Ekho Moskvy radio not to apologize for host Shenderovich’s statements
In his blog post dated February 10 and dedicated to the 2014 Winter Olympics currently underway in the Russian Black Sea resort of Sochi, Shenderovich in fact compared the ongoing Games to the 1936 Summer Olympics held in Berlin, Germany. Vladimir Vasilyev, who leads the ruling United Russia party’s faction in the lower house of parliament, urged Ekho Moskvy to apologize for Shenderovich’s "fascist” statements.
Shenderovich recalled the victory of German athlete Hans Woellke in men's shot put competition at the 1936 Olympics. "There is something about his victory that prevents us from rejoicing at it today,” he wrote.

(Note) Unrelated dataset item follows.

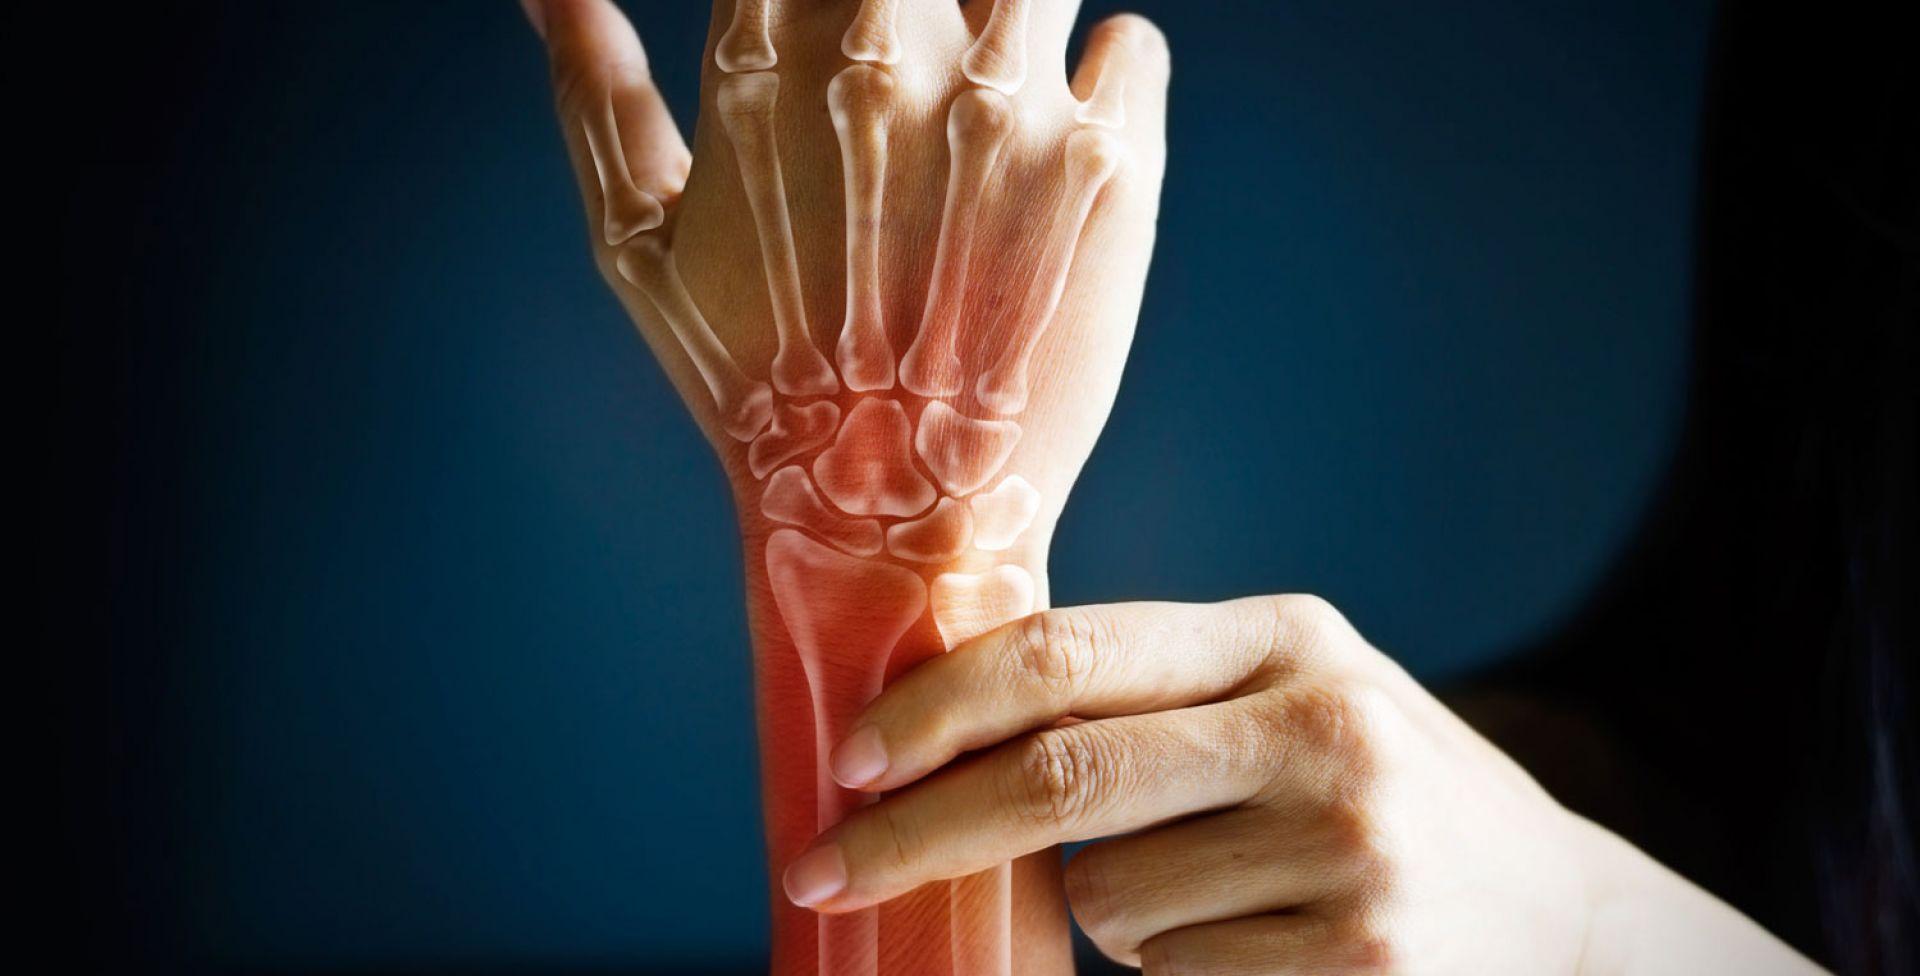 8 habitos que tienes a diario y perjudican enormemente tus huesos

“It is probably the final price paid for that sporting exploit - the price that incorporates Dachau [concentration camp], Coventry [bombed by Germany in 1940], Khatyn [Belarusian village whose population was massacred by Nazi collaborators] and Leningrad [that came under siege from the German army],” he said in his post.
“It was not Hans’s fault, of course, but he seems to have contributed,” Shenderovich said.
Venediktov told Itar-Tass: “I have seen the blog and can say that I personally do not see anything fascist in it.”
“The Ekho Moskvy radio will not apologize for it. Besides, it is Shenderovich’s original text only posted on the website in his [own] blog,” the Ekho Moskvy editor-in-chief said.
“Our radio station’s website presents very many different viewpoints on the Olympics. Shenderovich’s blog is just one of the opinions,” he said.
United Russia’s Vasilyev said Shenderovich’s statement caused “perplexity.” “We already have a campaign that appeals to public opinion. I am speaking about the situation with [the] Dozhd [TV channel],” Vasilyev said.
“Now there was a statement on Ekho for which, it seems to me, apologies will have to be made,” he said.
Dozhd provoked outrage in Russia in January when it posted a survey asking respondents if the Soviet Union should have surrendered Leningrad, besieged by the German armed forces, to the Nazis to avoid mass deaths.
Leningrad was historically and is currently known as St. Petersburg.